■ Problem statement:
Reproduce the lines of the material exactly, excluding every image.

■ Provided material:
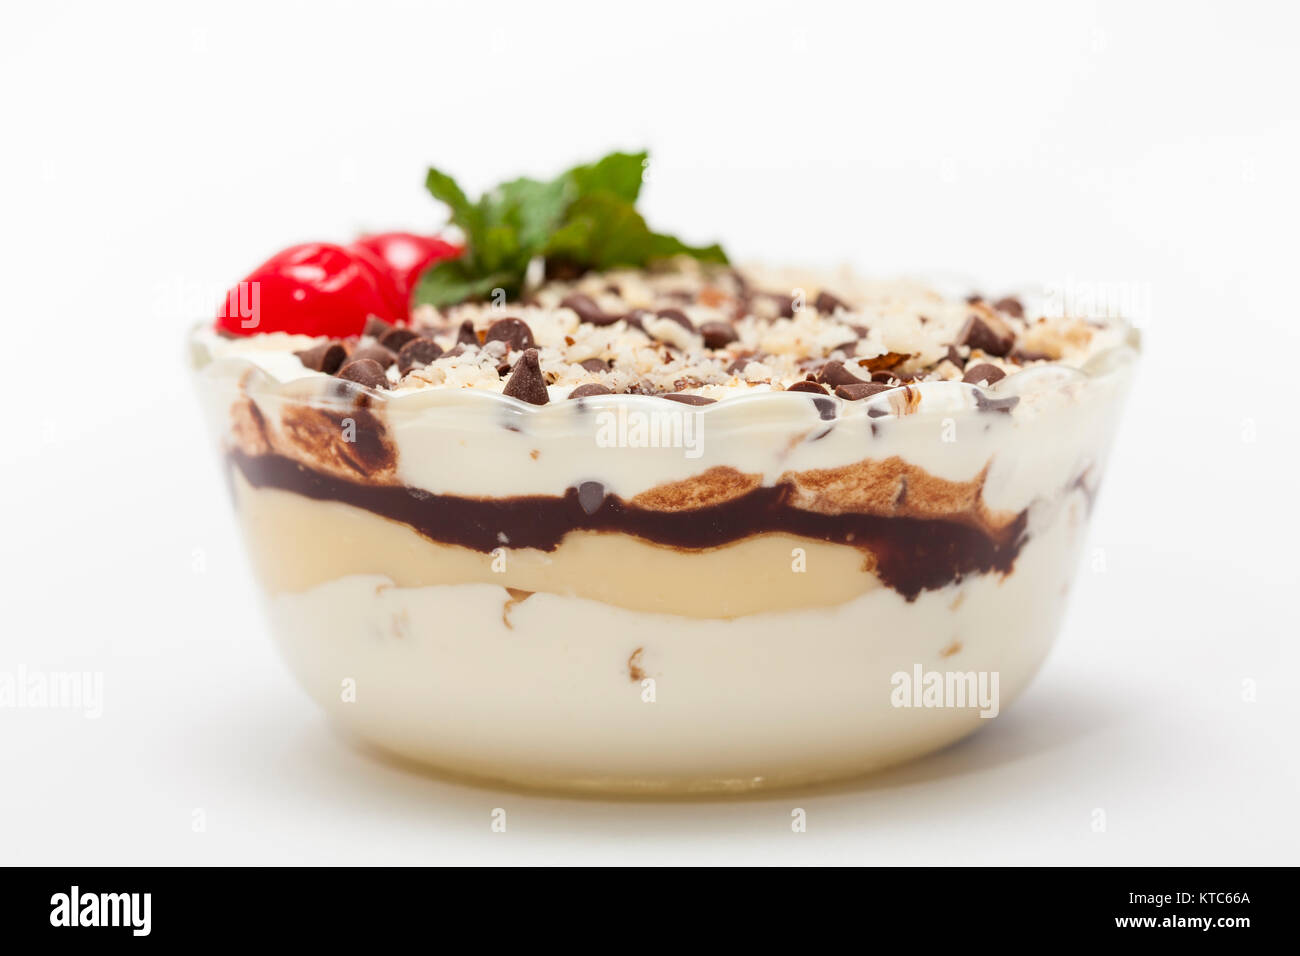 Dekoriert Napoleon Dessert in einem transparenten Schüssel Stockfoto
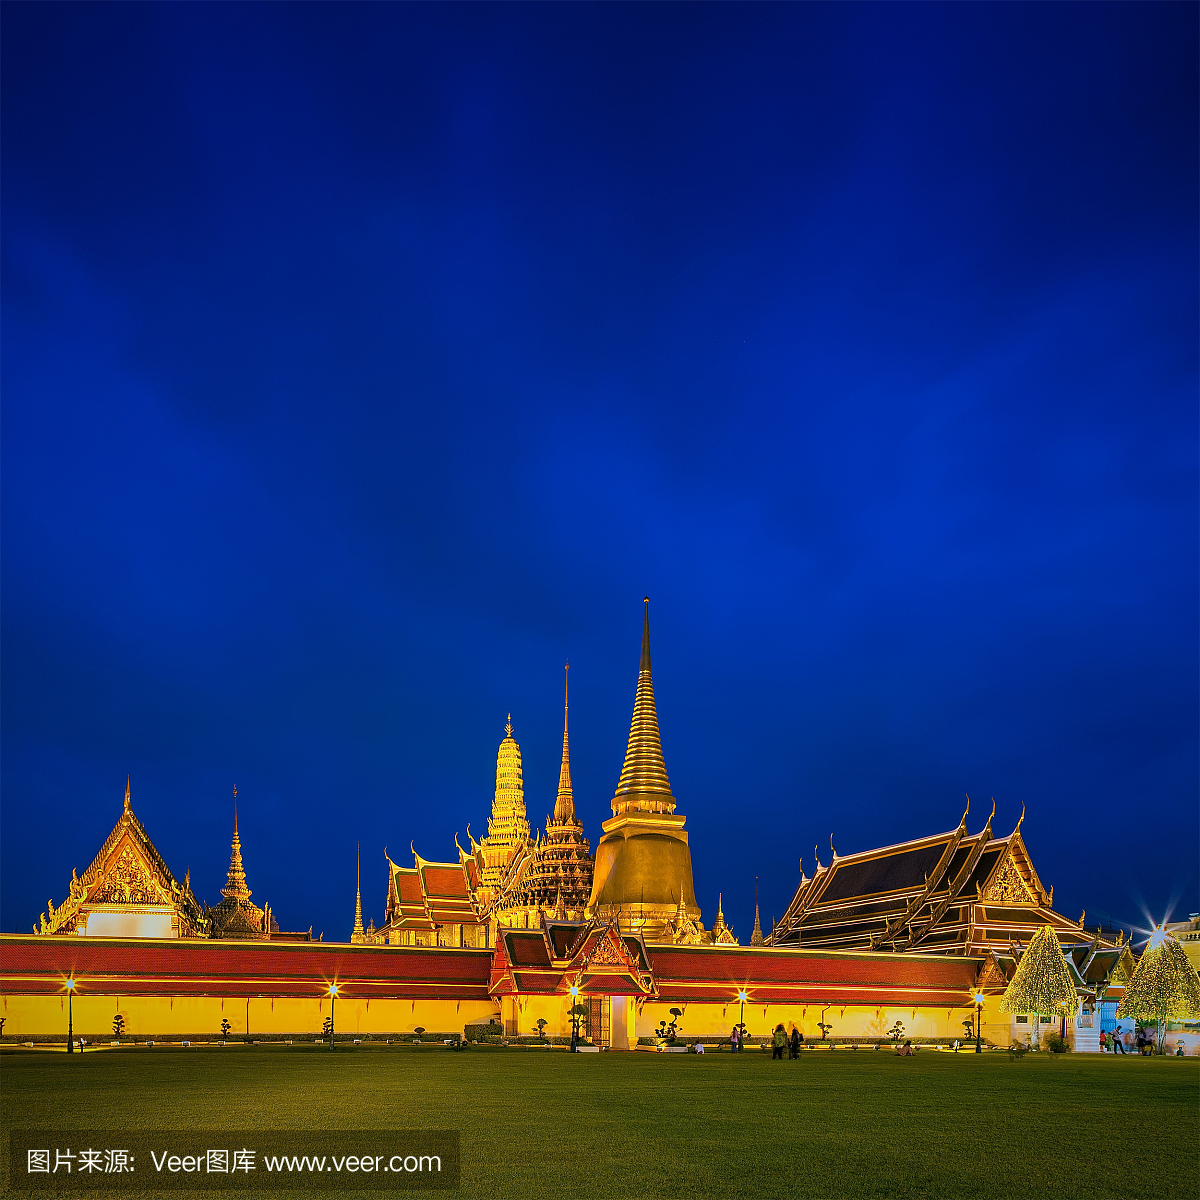 夜晚,泰国文化,无人,宫殿
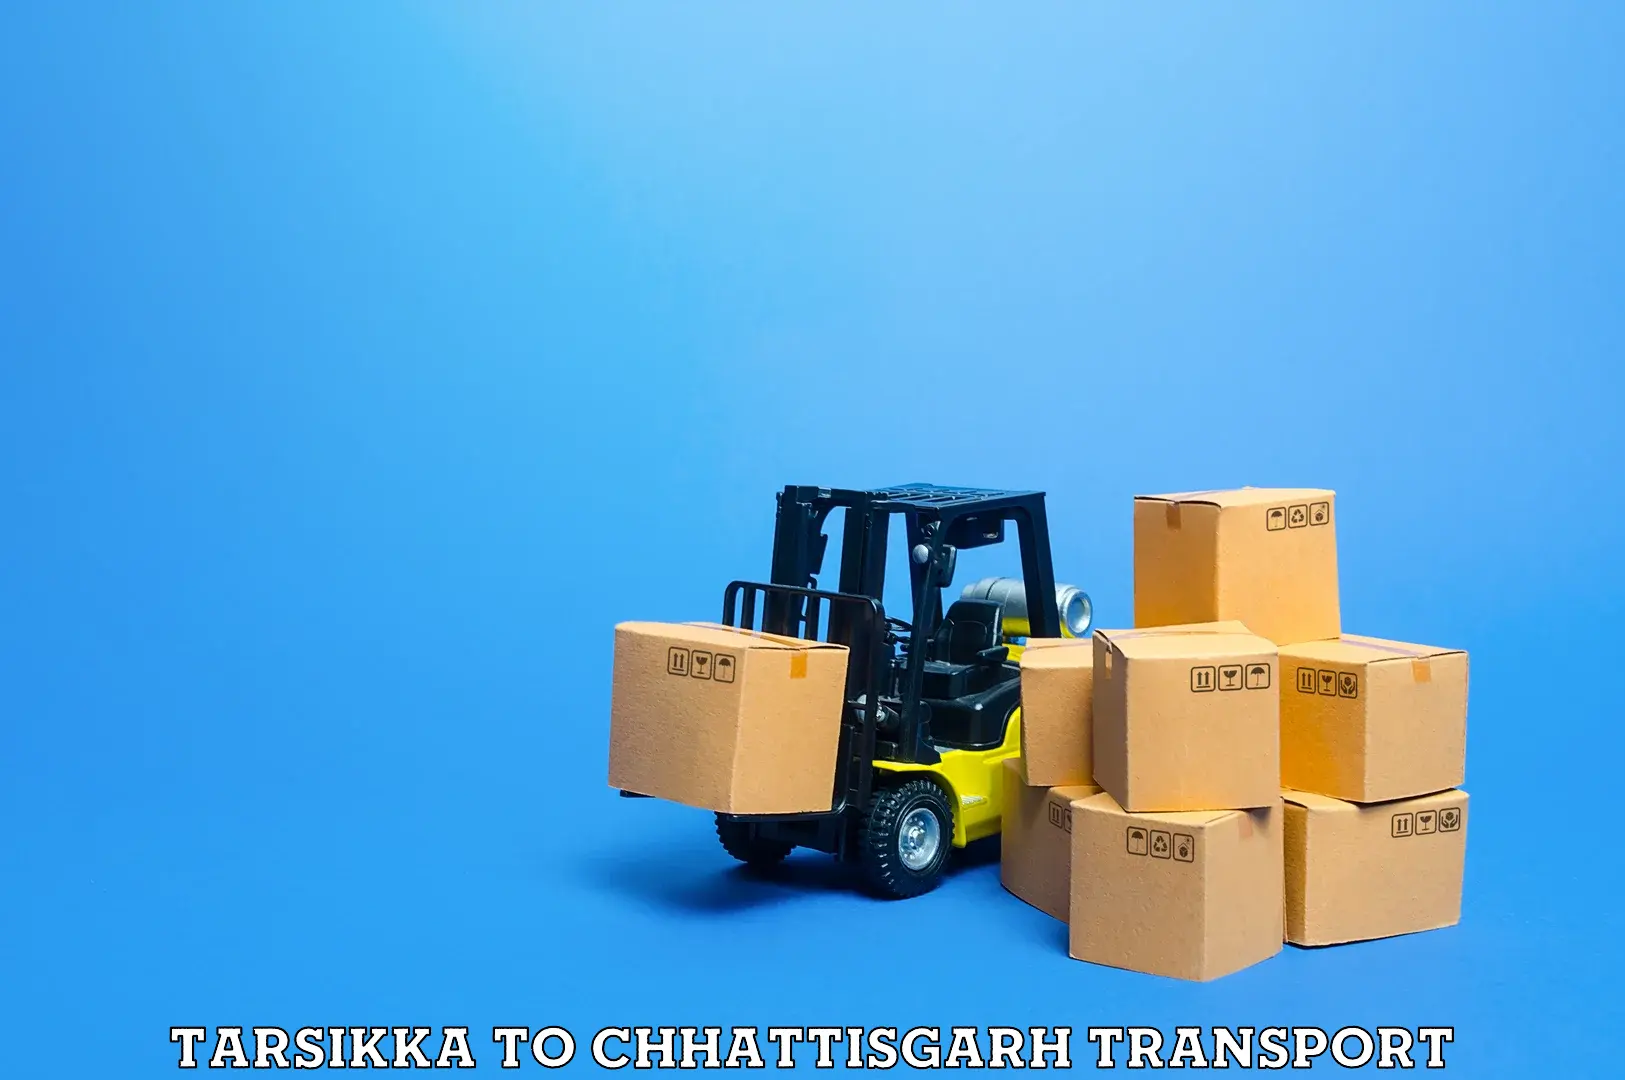 Commercial transport service Tarsikka to Chhattisgarh

■ Exercise answer:
 Dekoriert Napoleon Dessert in einem transparenten Schüssel Stockfoto
 夜晚,泰国文化,无人,宫殿
 Commercial transport service Tarsikka to Chhattisgarh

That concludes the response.